Some studies have found differences between men and women in depressive symptomatology and effects on work functioning, while others have not. For example, women have been found to have more work absence days than men [15]. Our results showed little effect of gender on self-perceived work interference, whether from depressive symptoms or from medication side effects. Only “trouble with memory” was reported by more women than men as interfering with work functioning, and this may have been a type I error since there was no statistical correction for multiple comparisons.

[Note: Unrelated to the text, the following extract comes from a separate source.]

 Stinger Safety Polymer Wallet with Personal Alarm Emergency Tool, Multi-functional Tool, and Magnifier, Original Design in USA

This study has a number of limitations, including the use of a cross-sectional design, the self-report nature of the data without objective assessment of occupational performance, the varied nature of work experienced by respondents, and the use of multiple and varied medication regimens by the patients. We also did not have information on whether patients were engaged in psychosocial treatments (e.g., cognitive behavioural therapy) that may affect work functioning. Nonetheless, there is clear clinical relevance to our findings. First, since numerous depressive symptoms are perceived by patients to be associated with work impairment, occupational functioning should be routinely assessed (via standardized, validated assessment scales) in the management of people who are clinically depressed. Second, treatment for MDD in working patients should address the symptoms that interfere most with work functioning, including anergia, tension, and concentration difficulty. Monitoring of symptoms and functioning during treatment is also important, to ensure that work functioning returns to premorbid status and is not affected by residual symptoms of depression. Finally, since the side effect profiles for individual antidepressants are quite different [23], the choice of medication for working patients should take into account those side effects that most impair work functioning. Antidepressants that minimize these side effects (daytime sedation, insomnia, headache, and anxiety/agitation) should be the preferred options for working patients with MDD.

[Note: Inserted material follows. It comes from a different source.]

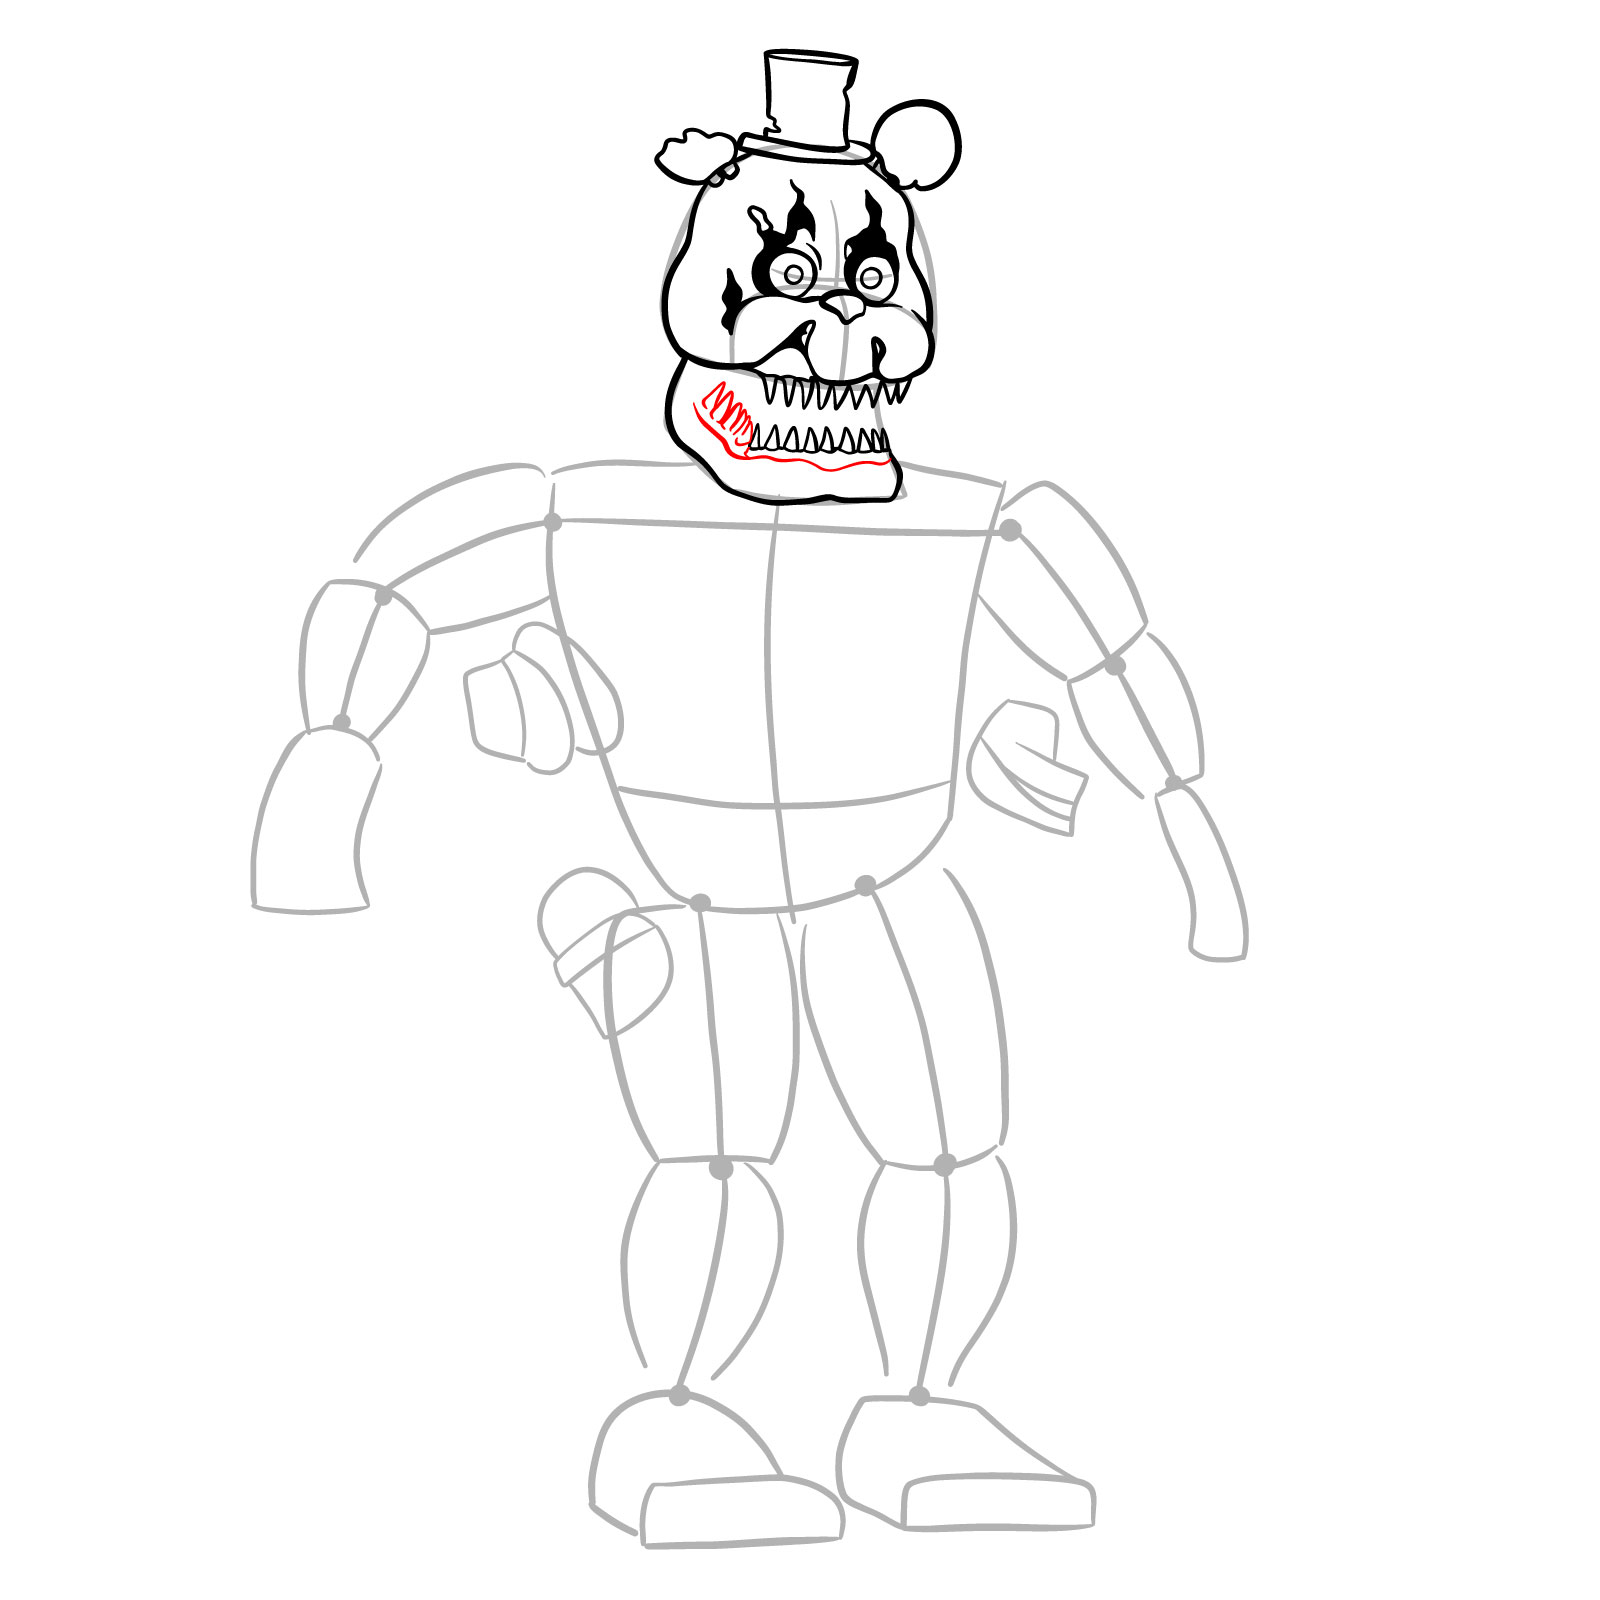 How to draw Nightmare Freddy - step 13

In summary, patients with MDD report that the depressive symptom clusters of anergia, tension, and concentration difficulty are most interfering with occupational functioning, with no differences found between men and women. In the clinical management of working patients with MDD, it will be important to ensure that these symptoms are addressed by treatment. In addition, if pharmacotherapy is used, medications should be chosen to avoid those side effects (sedation, insomnia, headache, and anxiety/agitation) that are reported by patients as most interfering with work functioning.

Funding

No external funds were sought or received for this study or paper.

Conflict of Interests

Dr. R. W. Lam is on Speaker/Advisory Boards for, or has received research funds from, AstraZeneca, Biovail, Canadian Institutes of Health Research, Canadian Network for Mood and Anxiety Treatments, Canadian Psychiatric Association Foundation, Eli Lilly, Litebook Company Ltd., Lundbeck, Lundbeck Institute, Michael Smith Foundation for Health Research, Pfizer, Servier, St. Jude Medical, Takeda, and UBC Institute of Mental Health/Coast Capital Savings.

Dr. D. J. Bond has received research grants from the Canadian Institutes of Health Research and the UBC Institute of Mental Health/Coast Capital Savings and has received honoraria from AstraZeneca and the Canadian Network for Mood and Anxiety Treatments.

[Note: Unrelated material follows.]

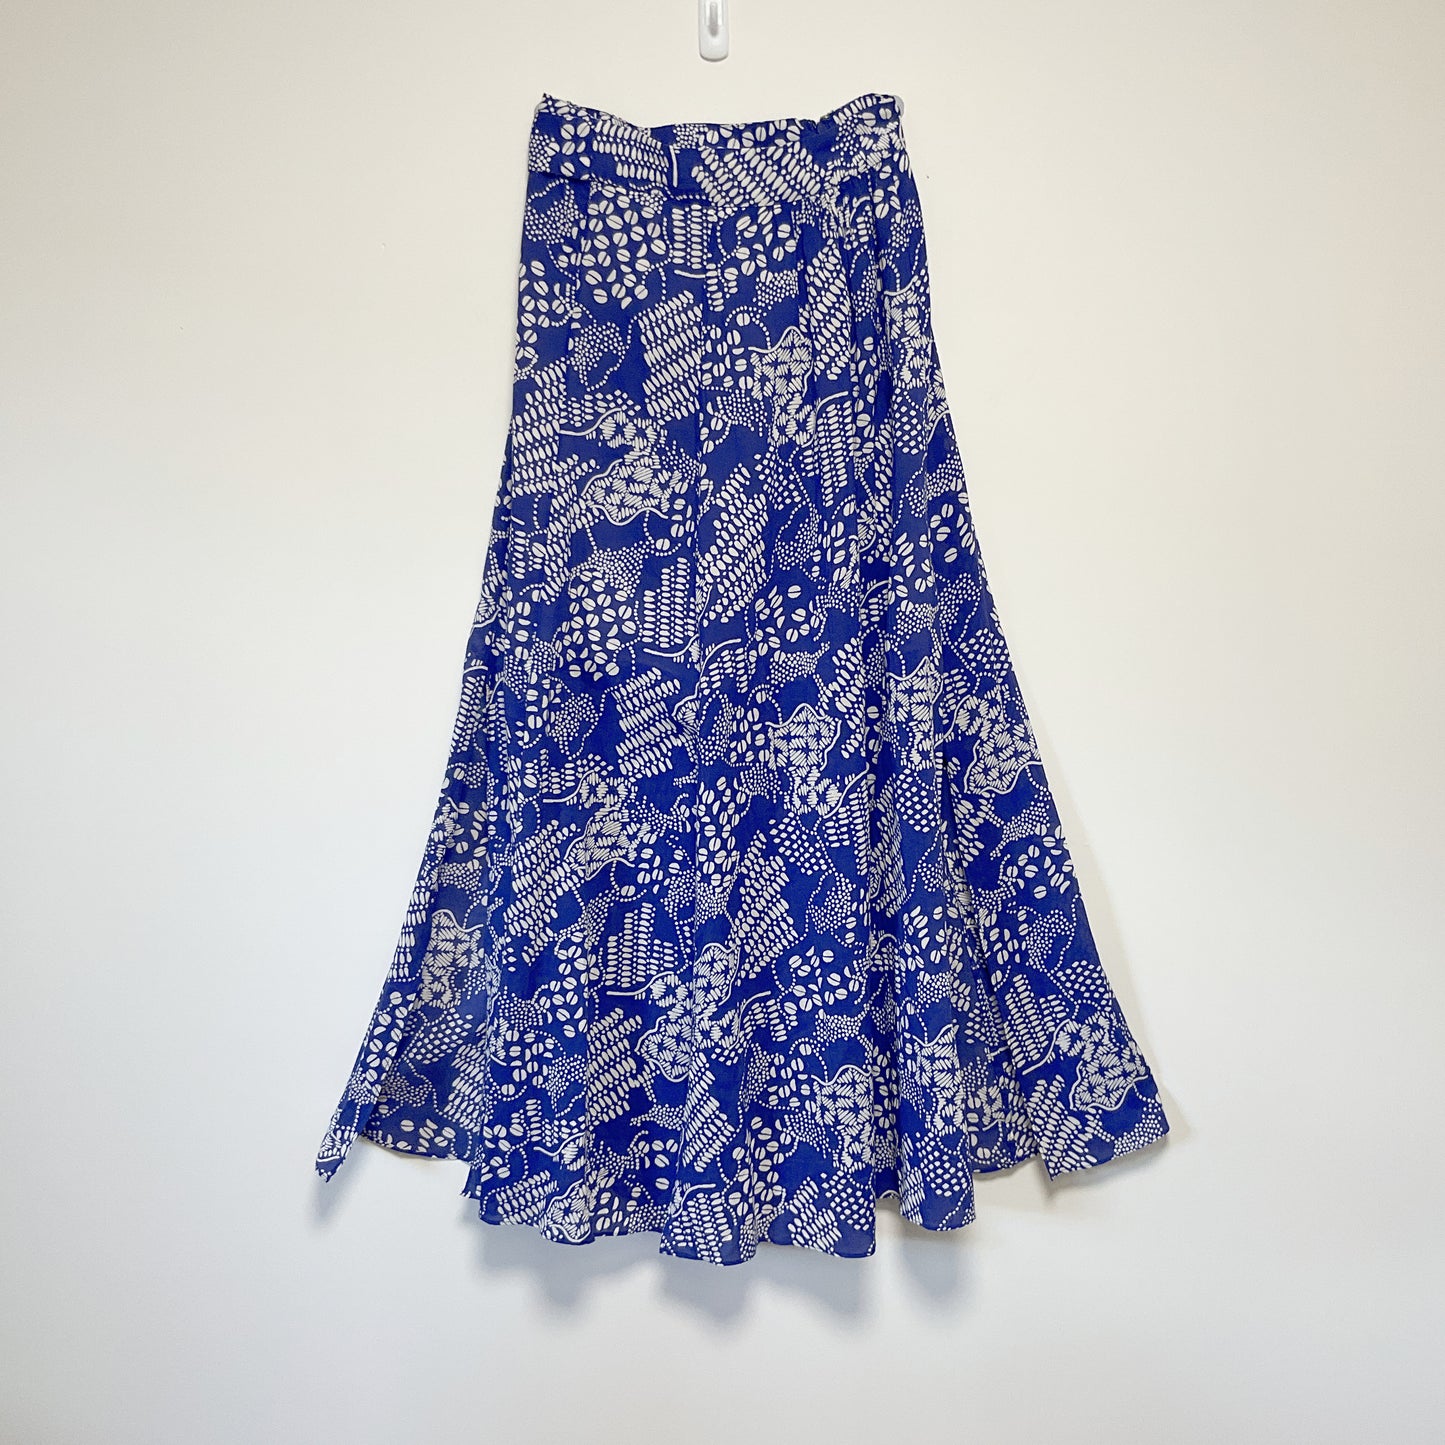 Other Stories - Maxi Skirt

Dr. L. N. Yatham is on Speaker/Advisory Boards for, or has received research grants from, AstraZeneca, Bristol Myers Squibb, Canadian Institutes of Health Research, Canadian Network for Mood and Anxiety Treatments, Eli Lilly, GlaxoSmithKline, Janssen, Michael Smith Foundation for Health Research, Novartis, Pfizer, Ranbaxy, Scherring Plough, Servier, and Stanley Foundation. All other authors declare they have no conflict of interests.

Acknowledgments

The authors would like to acknowledge their appreciation to the patients attending the UBC Hospital Mood Disorders Centre for their participation in this study. E. E. Michalak is supported by a New Investigator Award from the Canadian Institutes for Health Research.